▼

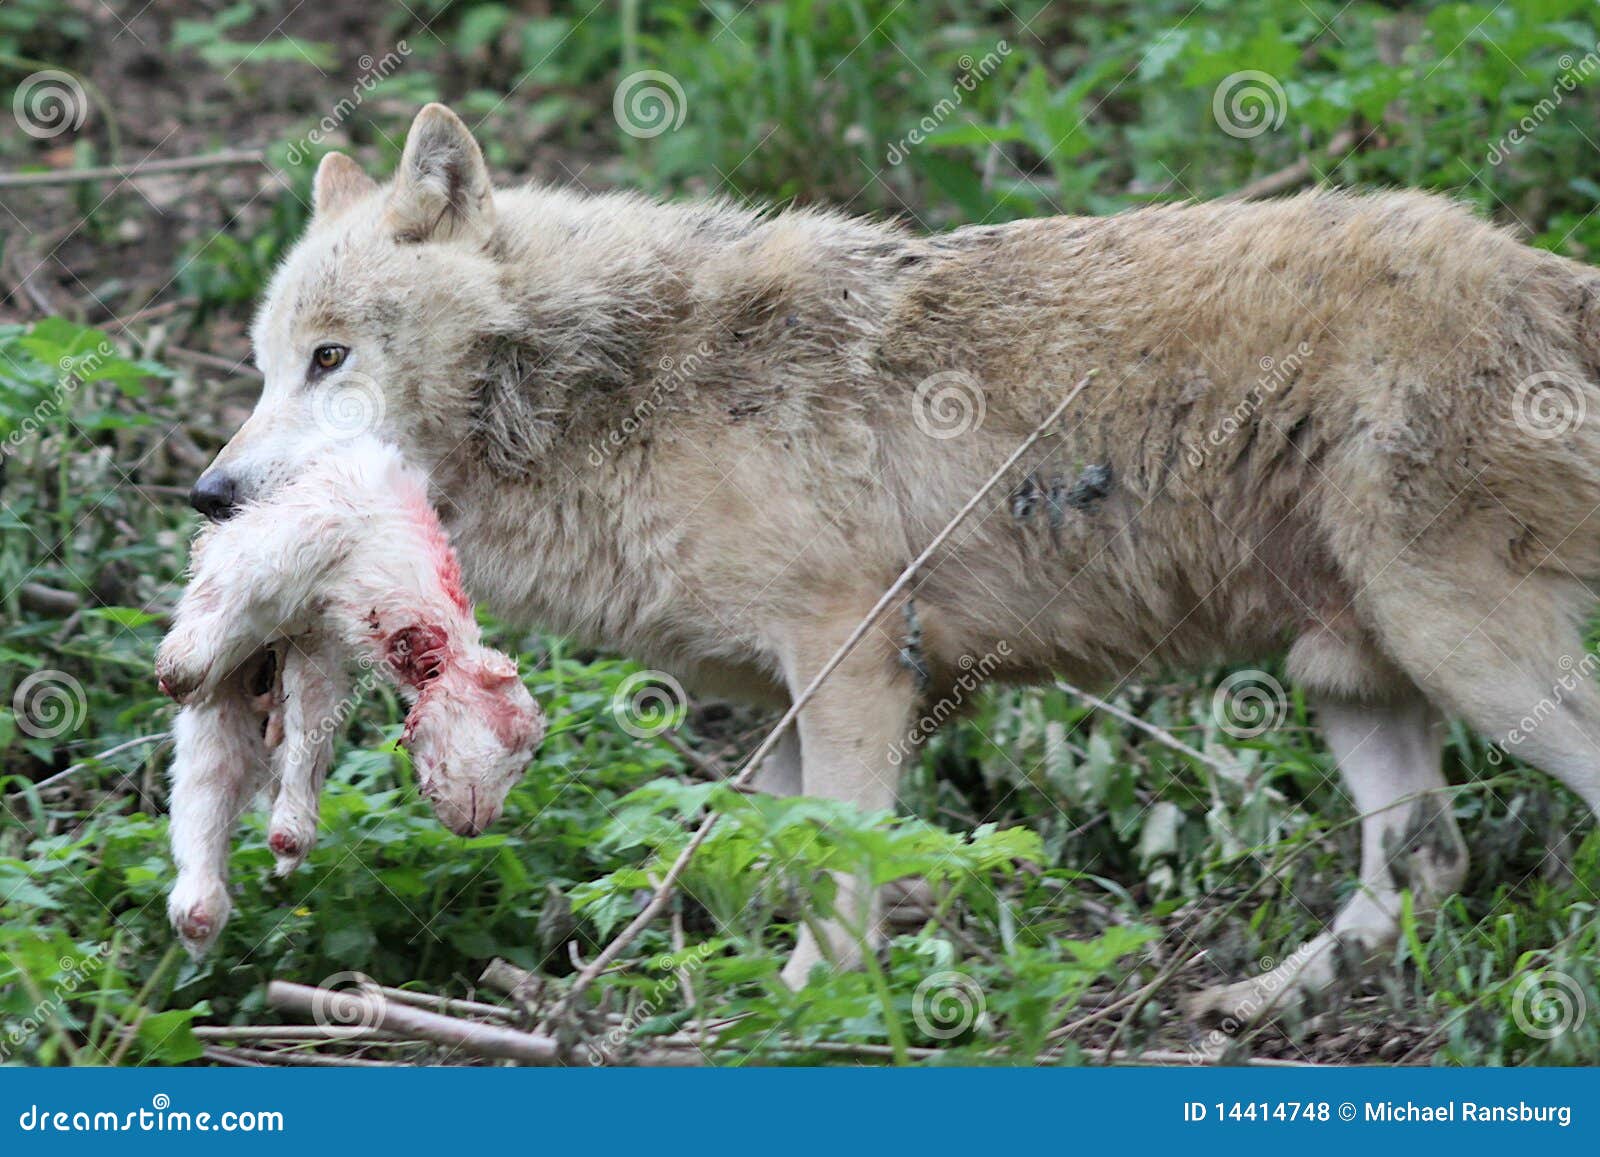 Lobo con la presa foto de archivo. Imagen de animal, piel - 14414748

▲
▼

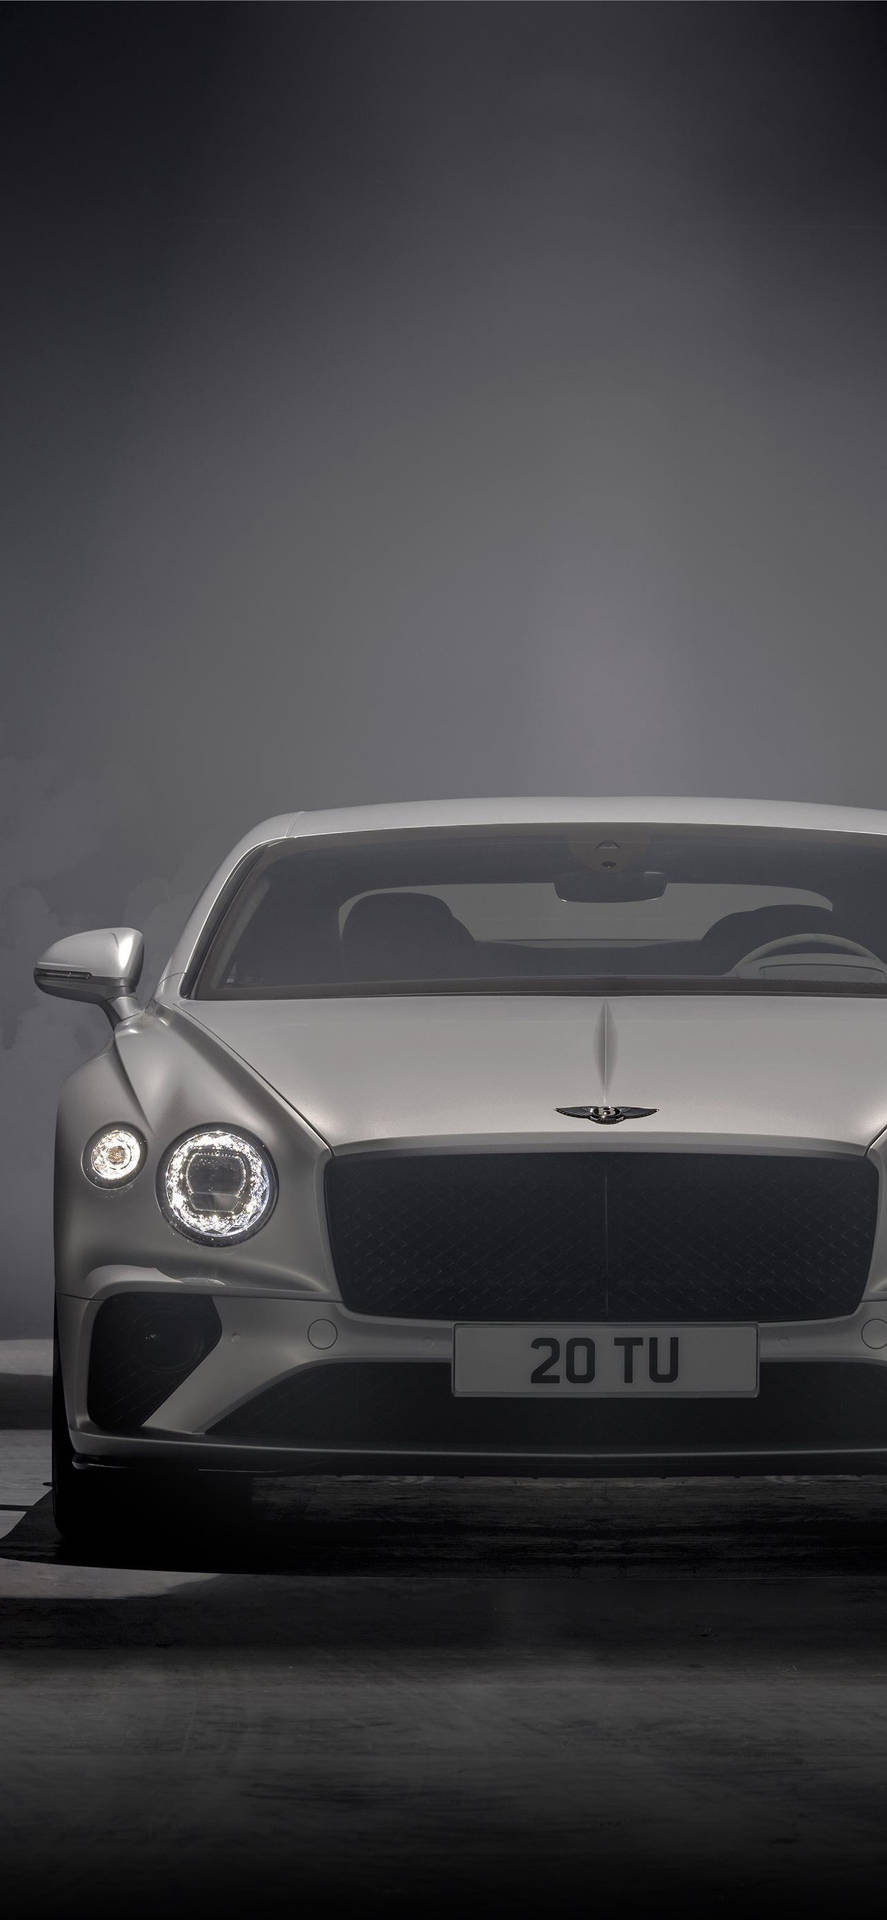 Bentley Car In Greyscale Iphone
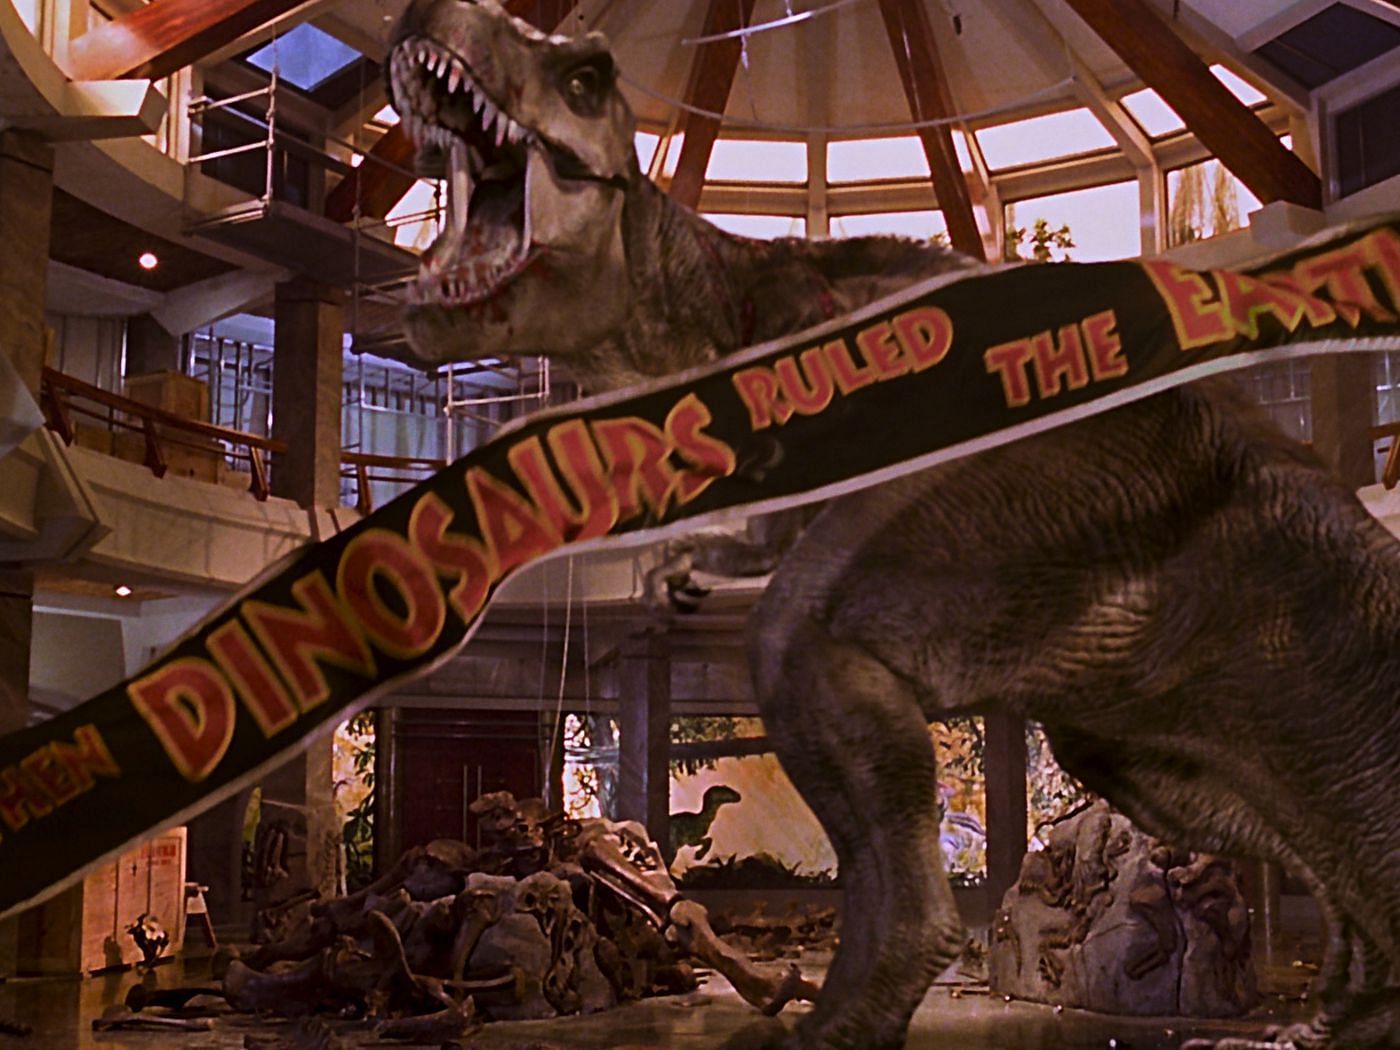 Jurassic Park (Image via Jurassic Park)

▲
▼

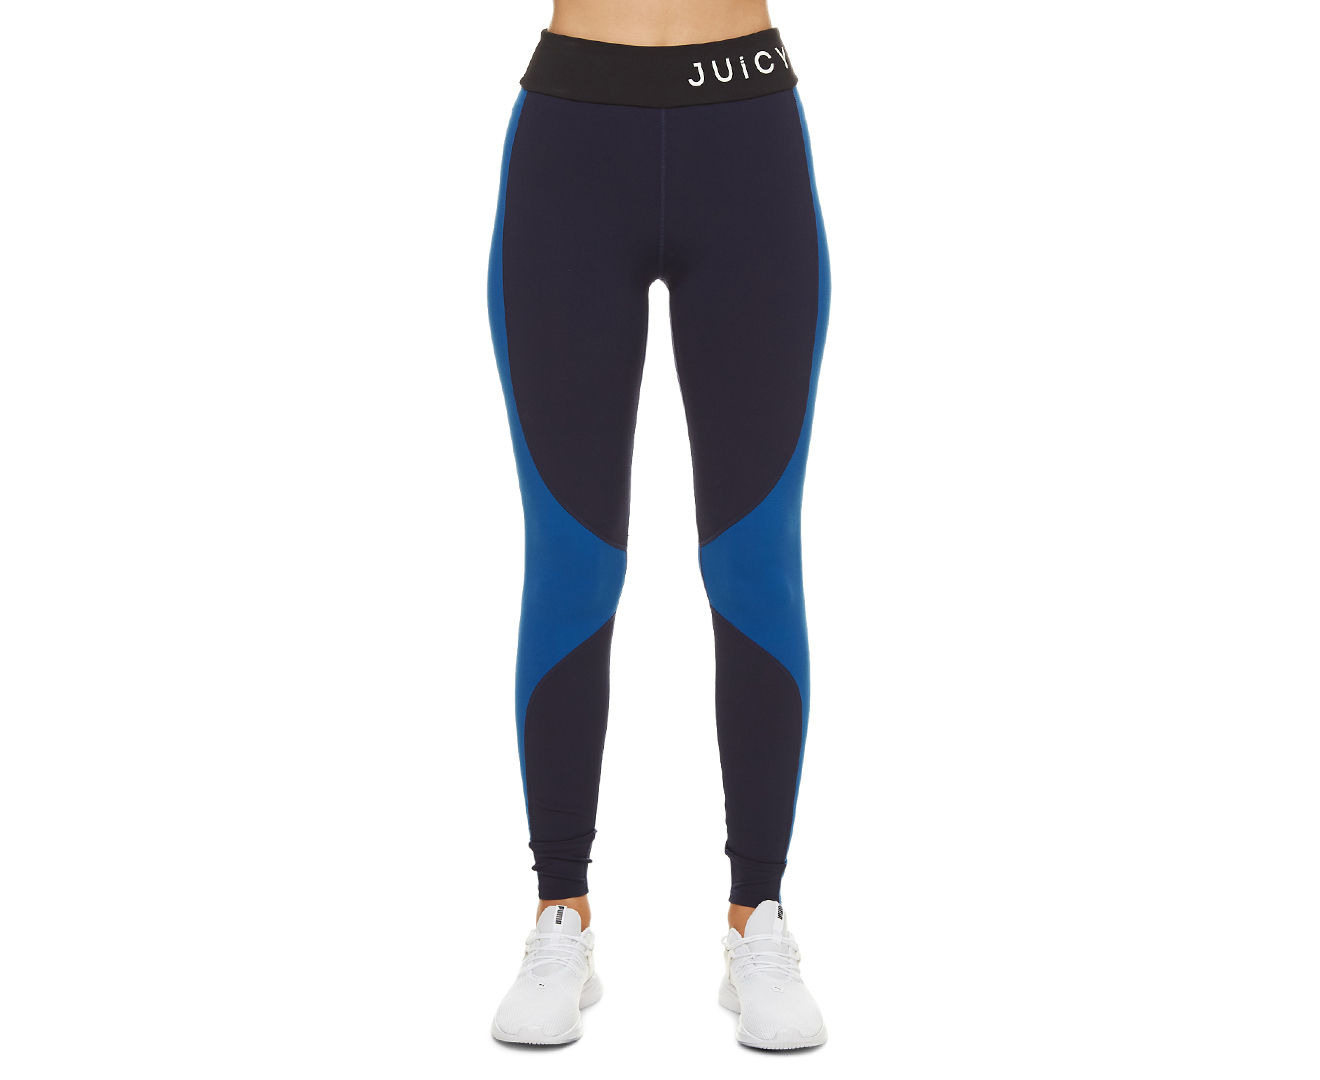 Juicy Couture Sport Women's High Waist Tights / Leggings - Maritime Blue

▲

_EXERCISE_: All that should be printed is the run of lines above from the one with "Bentley Car In Greyscale Iphone" through the one with "Jurassic Park (Image via Jurassic Park)", both included, exactly as given, with pictures left out.

_TASK ANSWER_:
 Bentley Car In Greyscale Iphone
 Jurassic Park (Image via Jurassic Park)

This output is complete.